Nesse sentido, o mundo da velocidade supersônica é mote, também, às reflexões de Martha Medeiros, em seu artigo “Velocidade Máxima”. O título não é mera coincidência. A referência ao filme leva o leitor a recriar na mente o tempo reafirmado, a todo instante, como o fio condutor das relações de sobrevivência nos dias de hoje. Assim, competente é o indivíduo que dobra suas ações-reflexões, superando os limites de tempo. É preciso arriscar-se e a tomada de decisões vale pela competência do indivíduo em efetivá-las no mínimo de tempo e máximo de acerto.

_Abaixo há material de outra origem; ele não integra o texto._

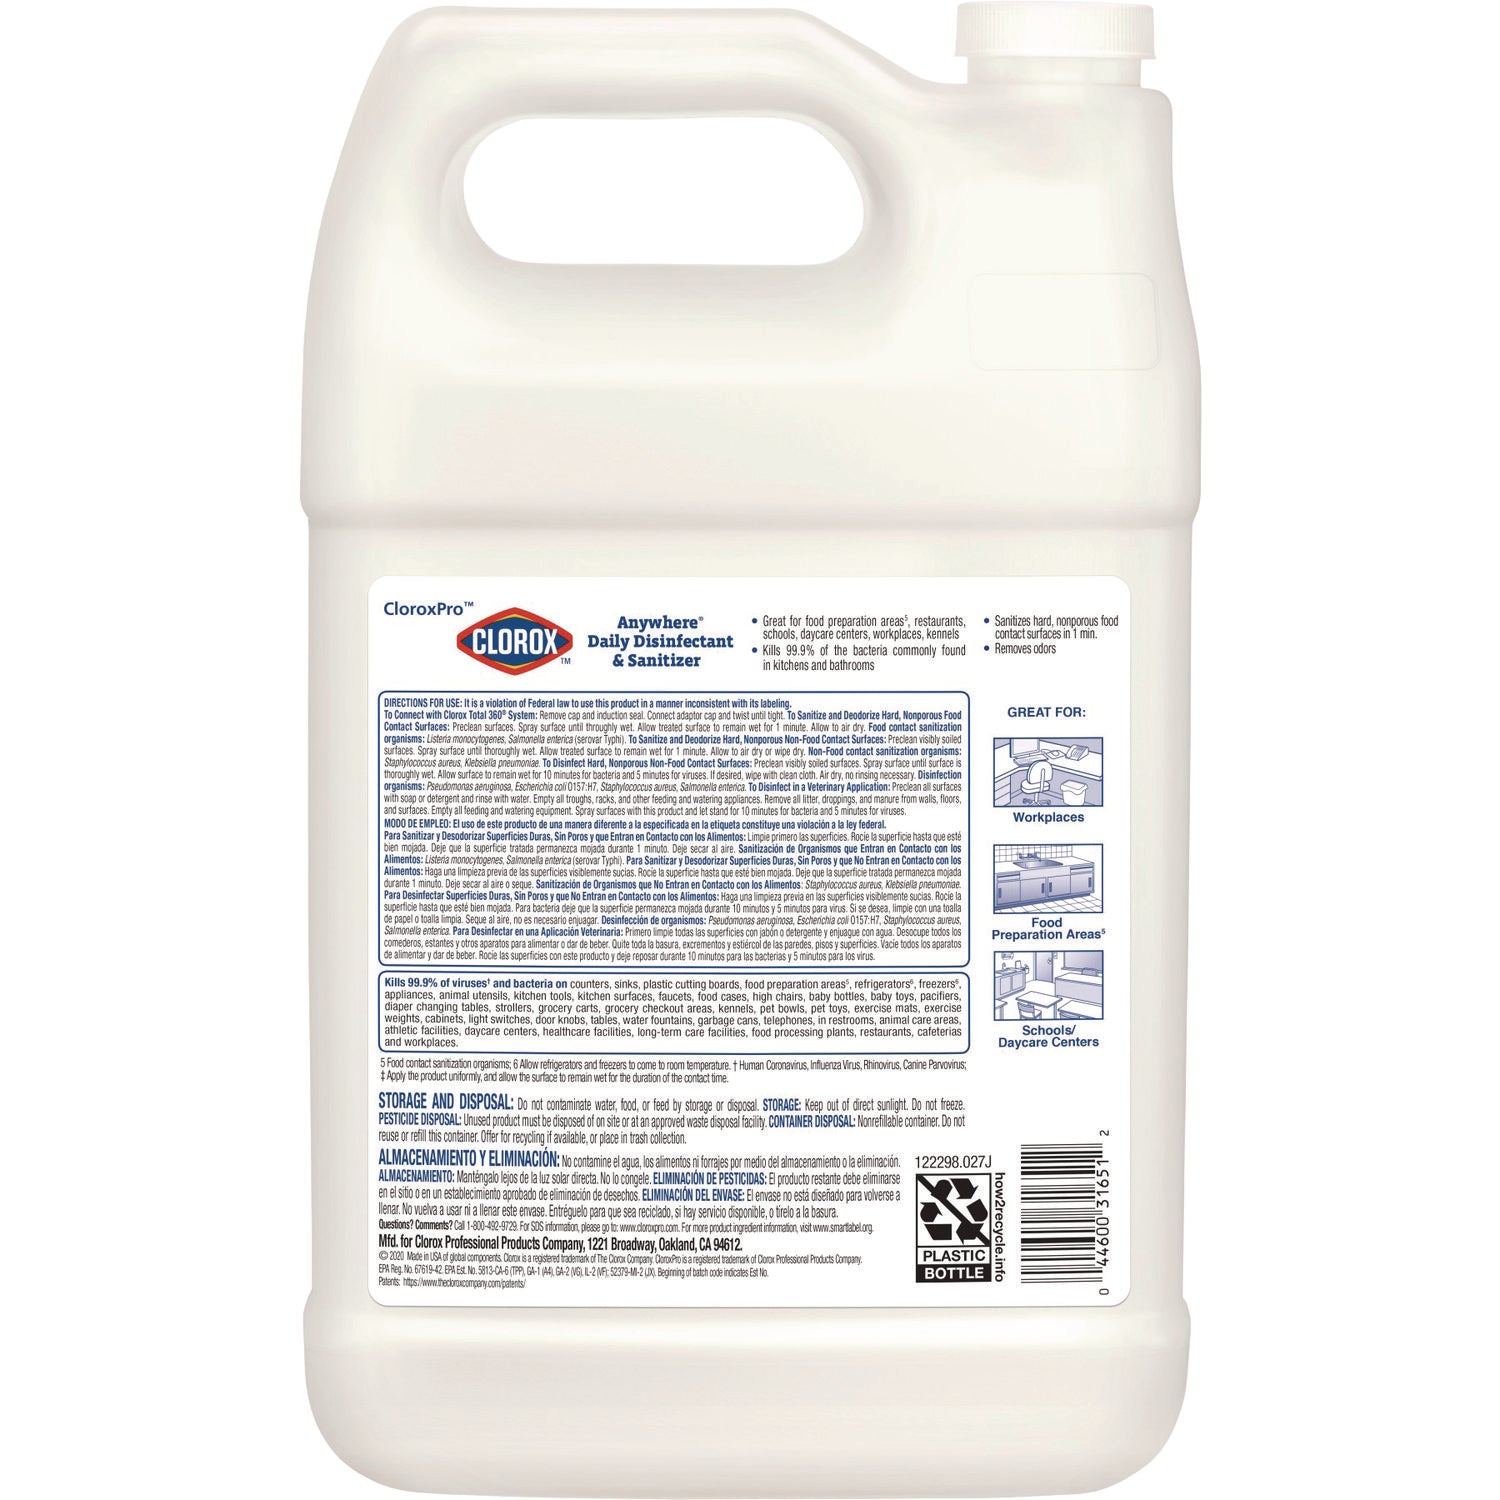 CloroxPro Anywhere Daily Disinfectant and Sanitizing Bottle - 128 fl oz (4 quart) - 1 Each - Disinfectant, Deodorize, pH Balanced - Translucent - 4

Para além da apelação ao tempo, que impõe um viver no ritmo acelerado e cada vez mais potente das máquinas, os autores alertam para a percepção de que o ser humano está na UTI das relações interpessoais e consigo mesmo. Afinal, a quem se busca satisfazer? Ao ritmo veloz ditado pelo consciente coletivo do mundo seduzido pela tecnologia ou aos nossos próprios desejos de (re)criar o mundo, visando a uma melhora de nossa qualidade de vida? Não é à toa que dados estatísticos mostram, cada vez mais, um ser humano debilitado física e emocionalmente. No entanto, não há como evitar essa vertigem cronológica.
Então, é preciso, como medida de valoração à criatividade, à vida mesma, a retomada do ritmo ancestral da humanidade, contraponto à artificialidade vertiginosa da vida urbana, pois à proporção que se entende que, mesmo estando, virtualmente, em todos os lugares, a todo instante, SER mais é irrefutavelmente benéfico, pois movimentar o olhar na direção de pequenos fatos, ingênuos até, pode e vivifica muito mais a capacidade criadora de melhor e mais utilmente sobreviver, já que no pôr-do-sol, no ritmo do beija-flor (acelerado, porém belo porque é de sua natureza), no ciclo das quatro estações, entoadas nas notas de Vivaldi, há uma harmonia que não foi imposta nem é comando. Ela se realiza e se reinventa, sem pré-determinismos. Dessa maneira, a desaceleração é a opção que qualitativamente engendrará vivências espirituais e físicas que privilegiem a construção de um sujeito satisfeito em suas realizações pessoais e interpessoais, ou seja, um sujeito envolvido plenamente com seu ser-estar no mundo, motivado pelo ritmo de suas conquistas acontecidas no plano de suas escolhas conscientes ou surgidas como desafio à sua própria condição de não ser o detentor pleno de seu destino. Não se pode entender isso como pólos extremos: comodismo numa ponta e ação, a curto prazo, na outra.
Assim, a forma de viver é aproximação, é comunicação, é aprendizado, é recuo e avanço, é virtude ou vício selecionado entre muitas outras possibilidades de se estar ao lado da humanidade, em primeira e última instância. Afinal, a vida não pode jamais ser submetida ao despertador do lado da cama ou ao comando do toque do celular, que anuncia um novo compromisso a cada instante. Então, lembrando Pessoa, ‘navegar é preciso“, porém não custa nada observar a paisagem que se descortina, sem grandes embates e conflitos cronológicos.
Referências
Alves, R. A Pedagogia dos Caracóis in www.revistaeducacao.com.br
Medeiros, M. Velocidade Máxima. Exame, 15 de dezembro de 1999.